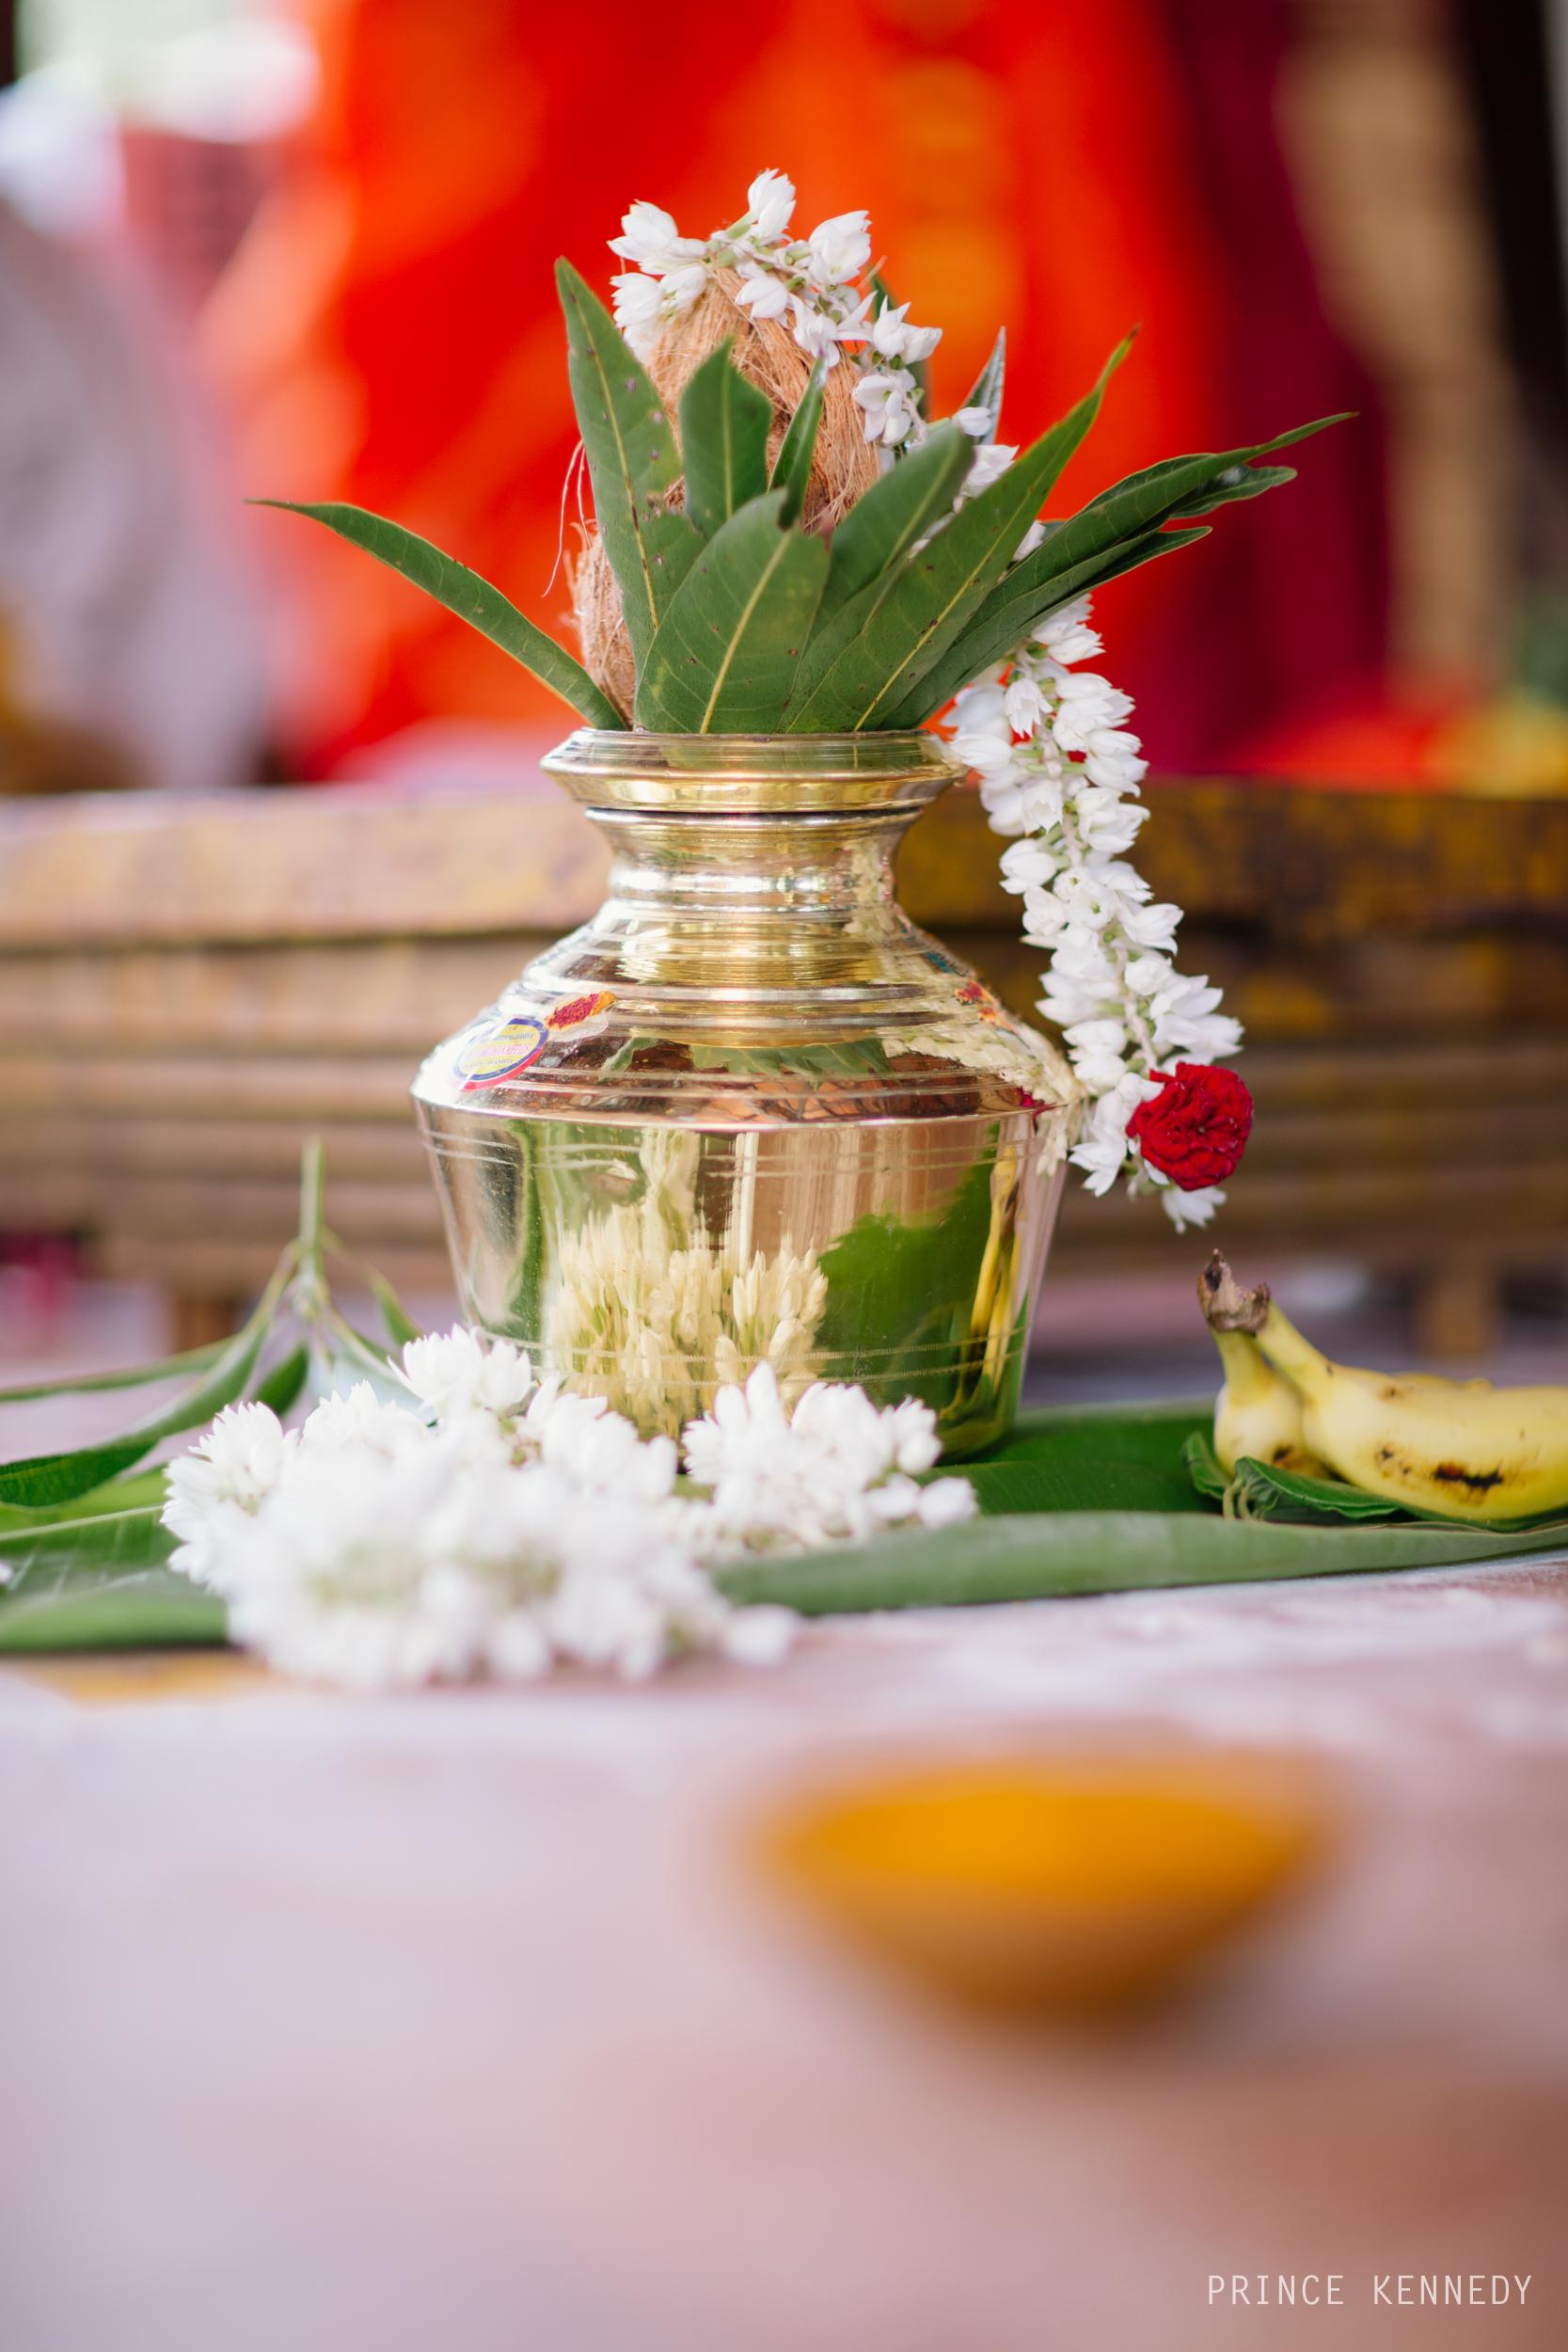 Athmajja-Nithesh-Engagement-Couple-Portrait-Portraiture-Wedding-Couple-Portrait-Chennai-Photographer-Candid-Photography-Destination-Best-Prince-Kennedy-Photography-205.jpg
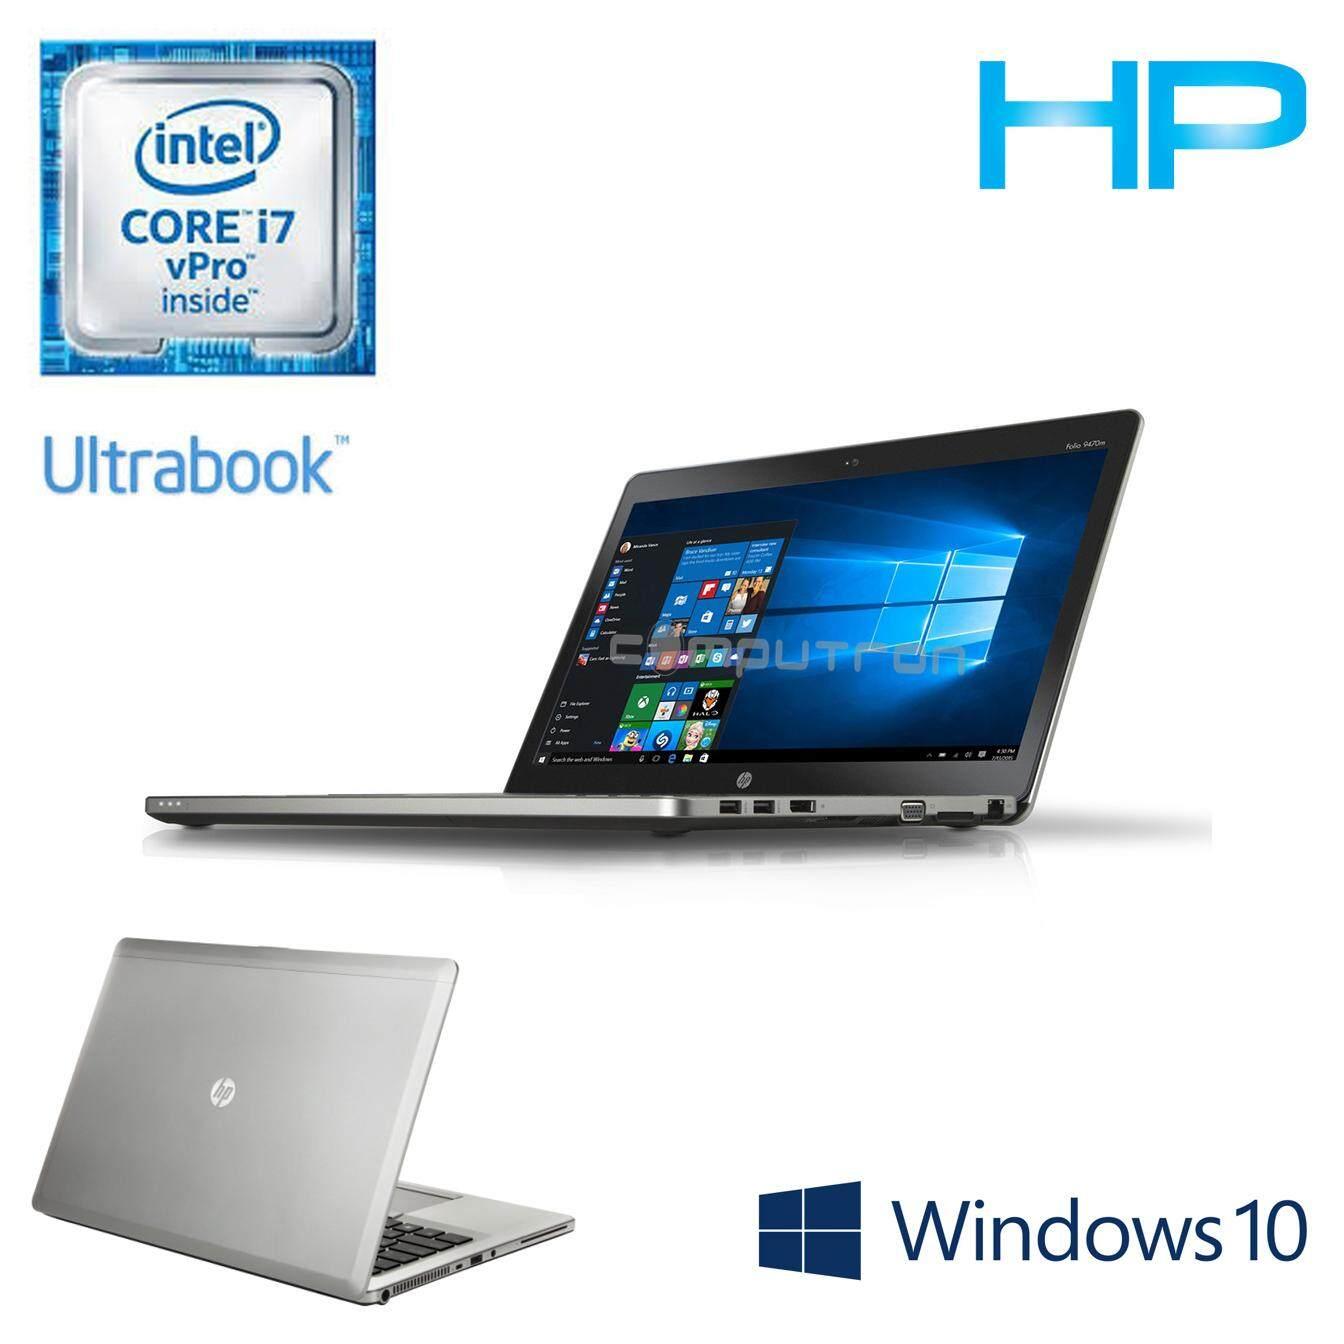 HP ELITEBOOK FOLIO 9480M [CORE I7-4600U/8GBRAM/500GBHD/W10PRO] 1 YEAR WARRANTY Malaysia
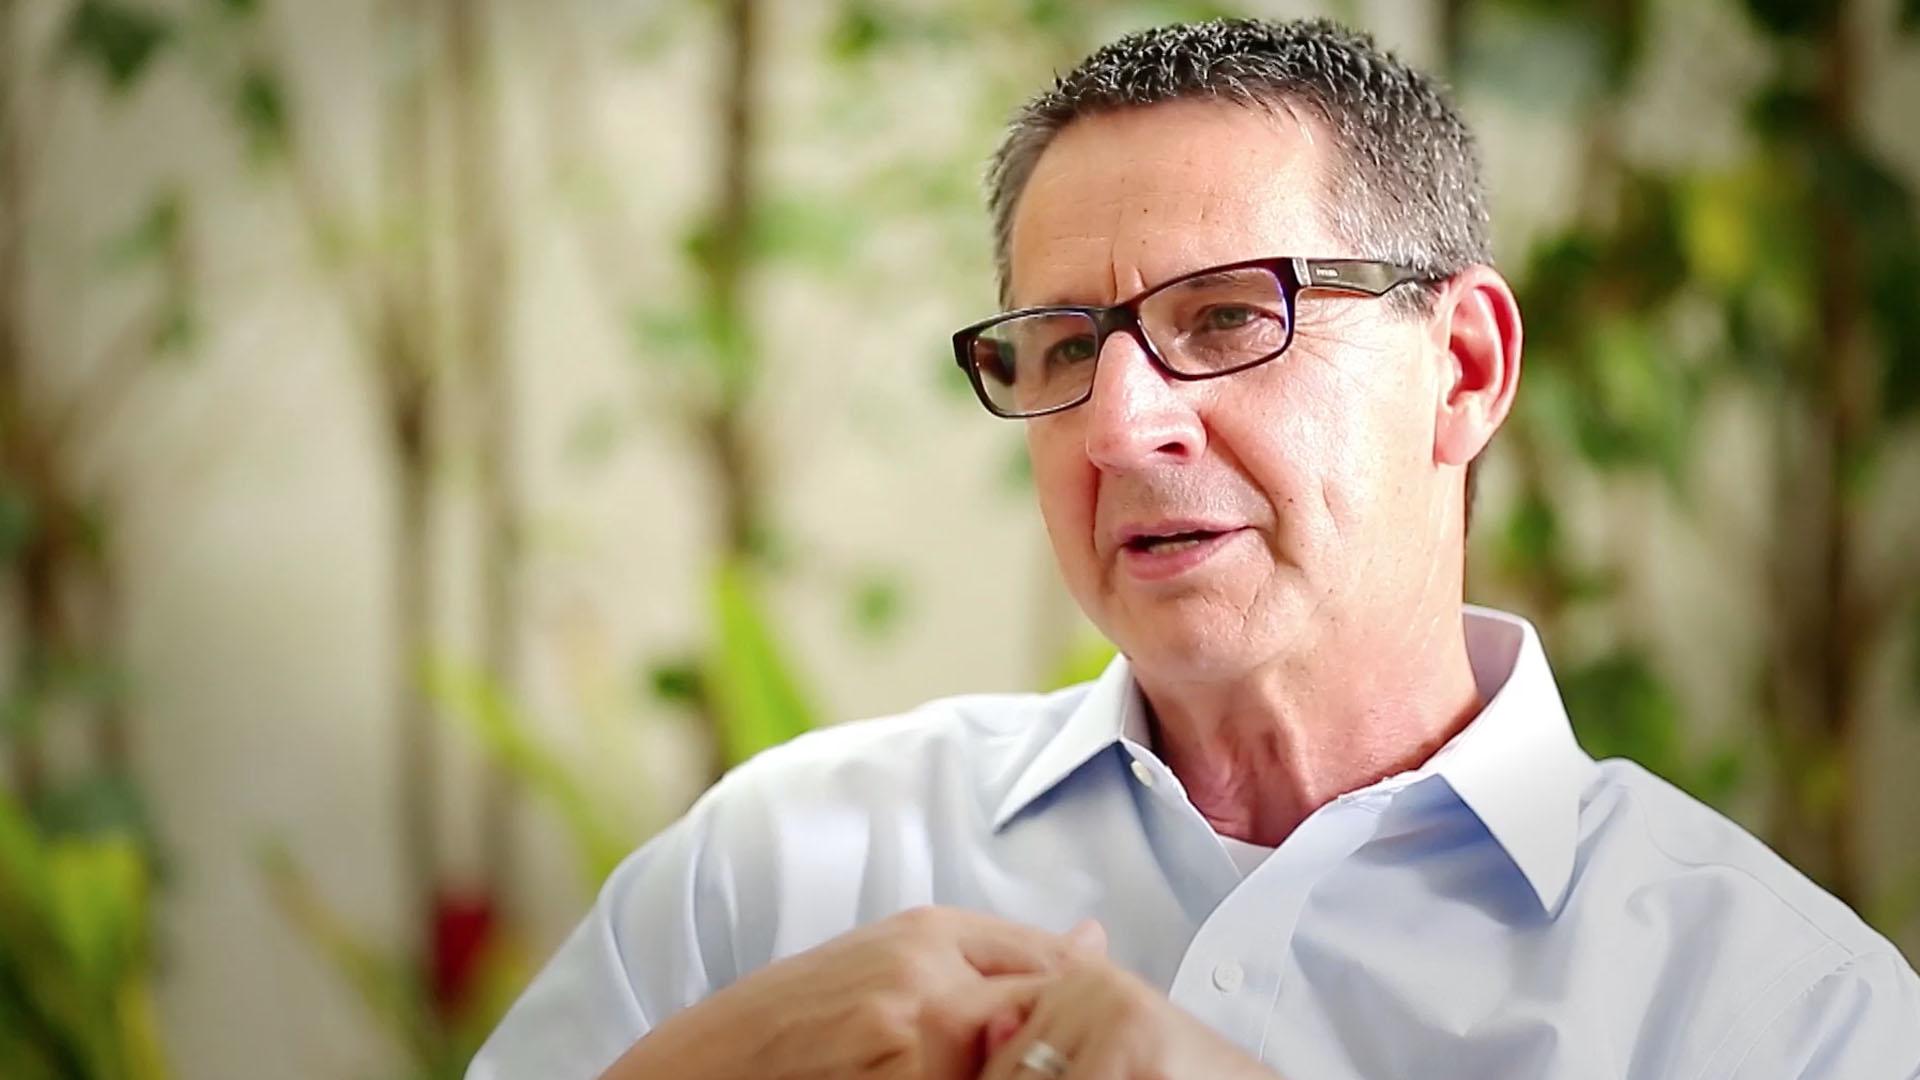 Elói D'Avila, fundador da Flytour, ensina como vender e fidelizar o seu cliente
########
### YOUR TASK
Write out exactly the lines from the line that contains "HP ELITEBOOK FOLIO" to the last line of the material above, both included; pictures do not belong in the copy.

### ANSWER TO THIS PROBLEM
 HP ELITEBOOK FOLIO 9480M [CORE I7-4600U/8GBRAM/500GBHD/W10PRO] 1 YEAR WARRANTY Malaysia
 Elói D'Avila, fundador da Flytour, ensina como vender e fidelizar o seu cliente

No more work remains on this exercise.